On 11/28/24 10:32, Marcel Ziswiler wrote:
> Hi all,
>
> On Sat, 2024-07-27 at 12:27 +0200, Peter Zijlstra wrote:
>> Hi all,
>>
>> So after much delay this is hopefully the final version of the EEVDF patches.

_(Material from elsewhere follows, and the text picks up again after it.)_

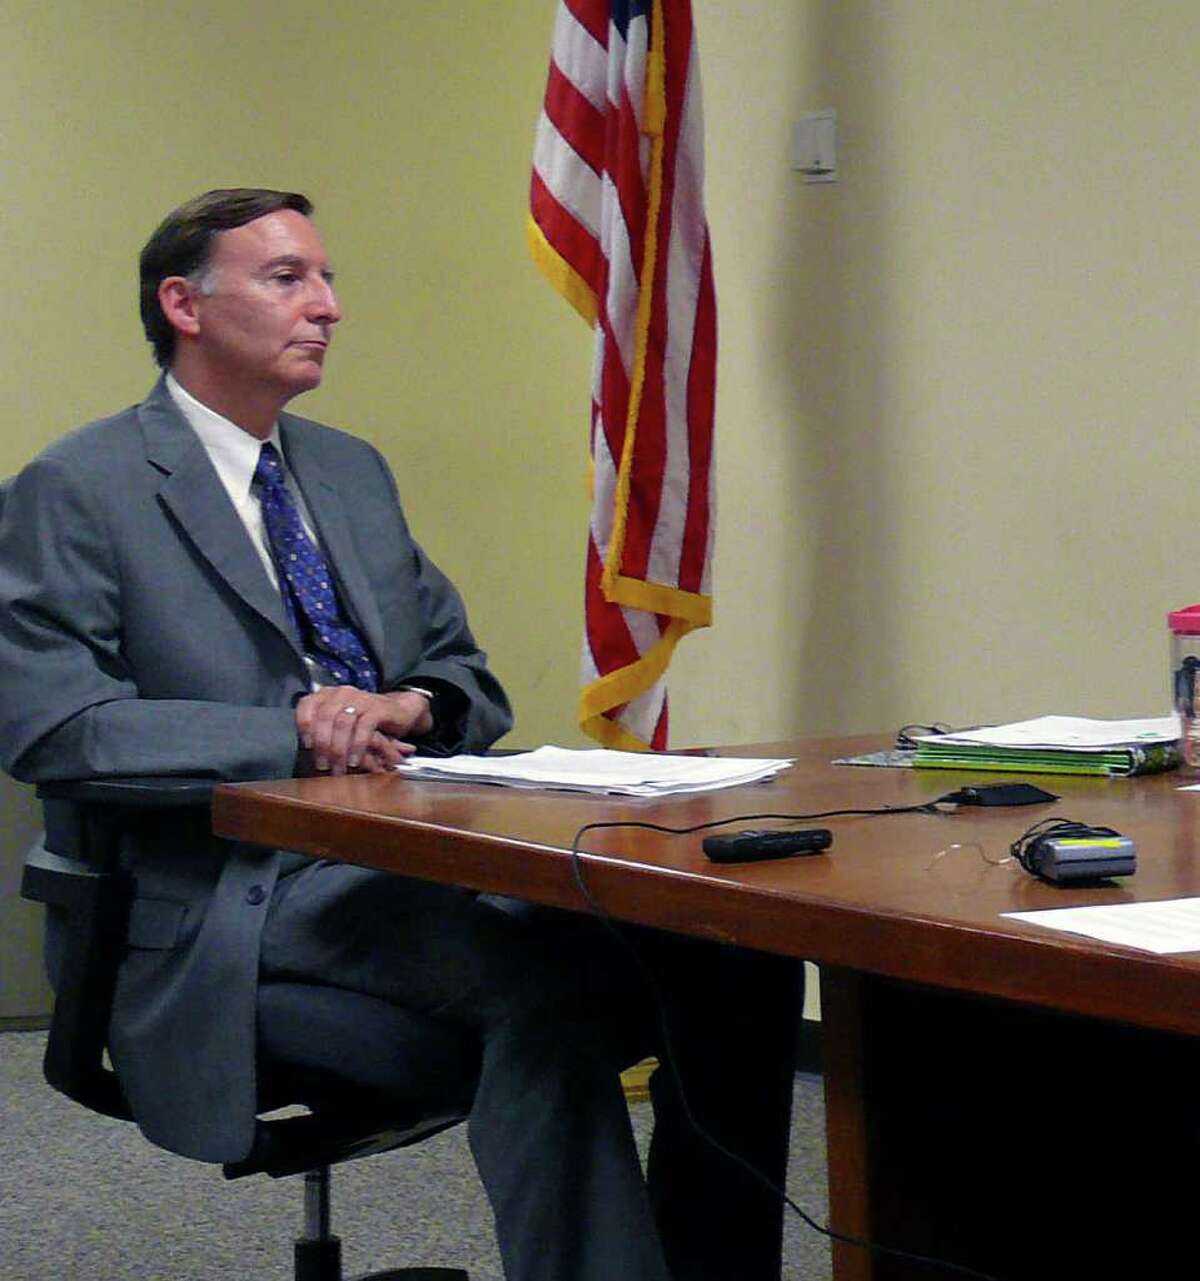 Former First Selectman Kenneth Flatto appeared before a subcommittee of the Representative Town Meeting reviewing the Fairfield Metro train station project. Despite a report from outside counsel that says differently, Flatto still contends he had the authority to enter into an amended agreement with the state and the private developer.

>> They've been sitting in my git tree for ever it seems, and people have been
>> testing it and sending fixes.
>>
>> I've spend the last two days testing and fixing cfs-bandwidth, and as far
>> as I know that was the very last issue holding it back.
>>
>> These patches apply on top of queue.git sched/dl-server, which I plan on merging
>> in tip/sched/core once -rc1 drops.
>>
>> I'm hoping to then merge all this (+- the DVFS clock patch) right before -rc2.
>>
>>
>> Aside from a ton of bug fixes -- thanks all! -- new in this version is:
>>
>>  - split up the huge delay-dequeue patch
>>  - tested/fixed cfs-bandwidth
>>  - PLACE_REL_DEADLINE -- preserve the relative deadline when migrating
>>  - SCHED_BATCH is equivalent to RESPECT_SLICE
>>  - propagate min_slice up cgroups
>>  - CLOCK_THREAD_DVFS_ID
>
> We found the following 7 commits from this patch set to crash in enqueue_dl_entity():
>
> 54a58a787791 sched/fair: Implement DELAY_ZERO
> 152e11f6df29 sched/fair: Implement delayed dequeue
> e1459a50ba31 sched: Teach dequeue_task() about special task states
> a1c446611e31 sched,freezer: Mark TASK_FROZEN special
> 781773e3b680 sched/fair: Implement ENQUEUE_DELAYED
> f12e148892ed sched/fair: Prepare pick_next_task() for delayed dequeue
> 2e0199df252a sched/fair: Prepare exit/cleanup paths for delayed_dequeue
>
> Resulting in the following crash dump (this is running v6.12.1):
>
> [ 14.652856] sched: DL replenish lagged too much
> [ 16.572706] ------------[ cut here ]------------
> [ 16.573115] WARNING: CPU: 5 PID: 912 at kernel/sched/deadline.c:1995 enqueue_dl_entity+0x46c/0x55c
> [ 16.573900] Modules linked in: overlay crct10dif_ce rk805_pwrkey snd_soc_es8316 pwm_fan
> phy_rockchip_naneng_combphy rockchip_saradc rtc_hym8563 industrialio_trigg
> ered_buffer kfifo_buf rockchip_thermal phy_rockchip_usbdp typec spi_rockchip_sfc snd_soc_rockchip_i2s_tdm
> hantro_vpu v4l2_vp9 v4l2_h264 v4l2_jpeg panthor v4l2_mem2me
> m rockchipdrm drm_gpuvm drm_exec drm_shmem_helper analogix_dp gpu_sched dw_mipi_dsi dw_hdmi cec
> drm_display_helper snd_soc_audio_graph_card snd_soc_simple_card_utils
> drm_dma_helper drm_kms_helper cfg80211 rfkill pci_endpoint_test drm backlight dm_mod dax
> [ 16.578350] CPU: 5 UID: 0 PID: 912 Comm: job10 Not tainted 6.12.1-dirty #15
> [ 16.578956] Hardware name: radxa Radxa ROCK 5B/Radxa ROCK 5B, BIOS 2024.10-rc3 10/01/2024
> [ 16.579667] pstate: 204000c9 (nzCv daIF +PAN -UAO -TCO -DIT -SSBS BTYPE=--)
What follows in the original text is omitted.